In a shareholder’s meeting last month, SK Telecom’s CEO, Park Jung-ho, said that the company would look to overhaul its governance, following a number of years of stagnant growth. Now, it seems that the winds of change are indeed blowing, with the Korean operator announcing that it will spin off its non-mobile-related subsidiaries into a new holding company…
In a shareholder’s meeting last month, SK Telecom’s CEO, Park Jung-ho, said that the company would look to overhaul its governance, following a number of years of stagnant growth. Now, it seems that the winds of change are indeed blowing, with the Korean operator announcing that it will spin off its non-mobile-related subsidiaries into a new holding company, tentatively named simply ICT Investment.
“The company expects the spin-off to create an opportunity for the telecommunications, semiconductor and New ICT businesses to be properly valued in the market,” said SK Telecom in a statement. “The surviving company and the spin-off company will each build a management structure fit for the business to facilitate future growth and provide investors with two separate investment options.”
The new spin off will include a large number of subsidiaries across a large number of industries, with major names including memory chip manufacturer SK hynix Inc, e-commerce firm 11Street Co, and ride-hailing company T Map Mobility. These are all major companies in their own right, in total contributing around 24% of SK Telecom’s operating profit in 2020.
The holding company will reportedly have two major roles. Firstly, it will focus on aggressive investments in the semiconductor market to carve out market share, something which SK hynix had been pursuing for some time. The subsidiary itself purchased Intel’s NAND memory business last year for around $9 billion.

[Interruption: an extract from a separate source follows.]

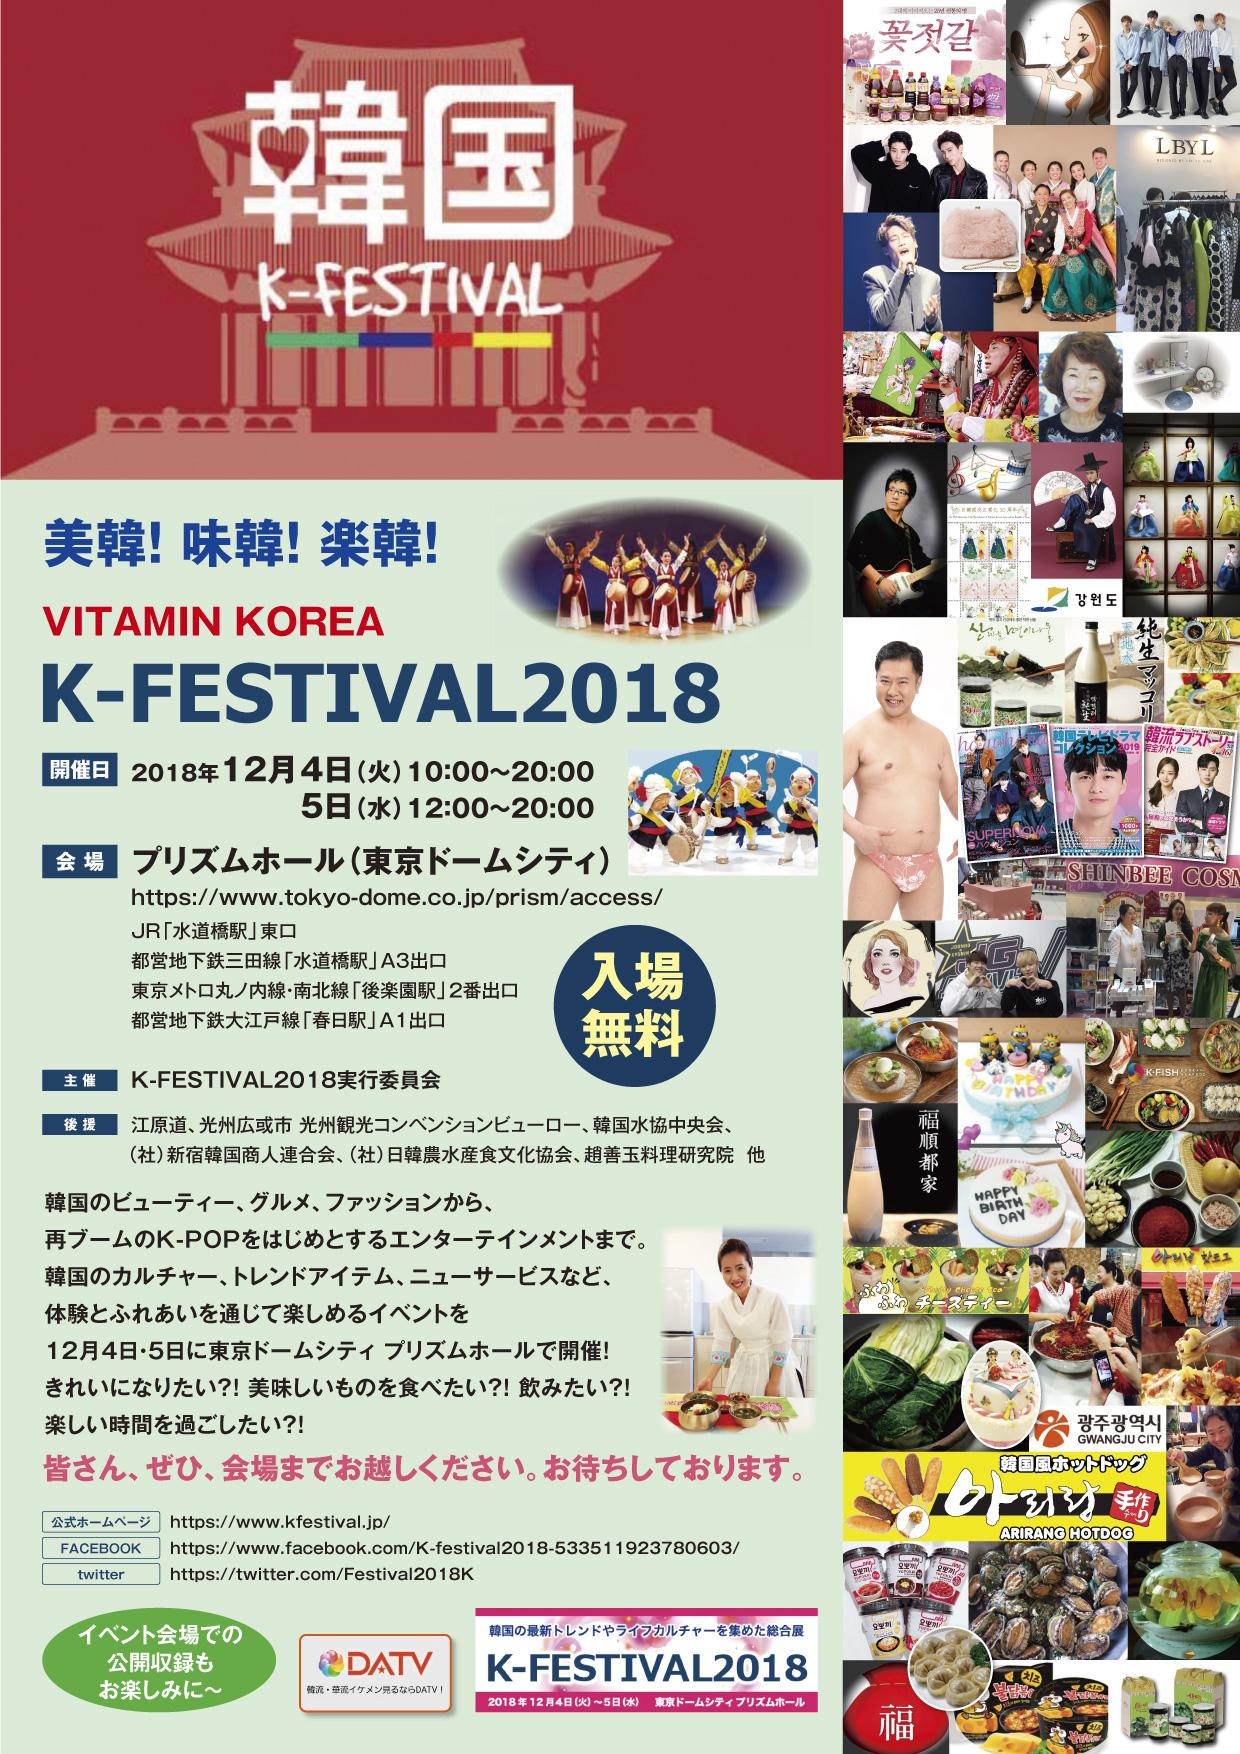 12/4(火)・5(水) K-FESTIVAL2018

Secondly, the holding company will reportedly oversee the initial public offerings (IPOs) of its subsidiaries, many of which, such as those for 11Street and T Map Mobility, have been under discussion for some time. Back in February, SK Telecom in fact set up a task force to explore its options with these and other subsidies. Any funds raised by the IPOs would be funnelled into semiconductor investments, both at home in South Korea and abroad.
With SK Telecom’s assets thus divided, it will leave the surviving company to focus on its mobile business, as well as to continue expanding their investments in AI, cloud, and data centres.
The spin off is subject to approval from the board of directors and shareholders, but is expected to be completed by the end of the year.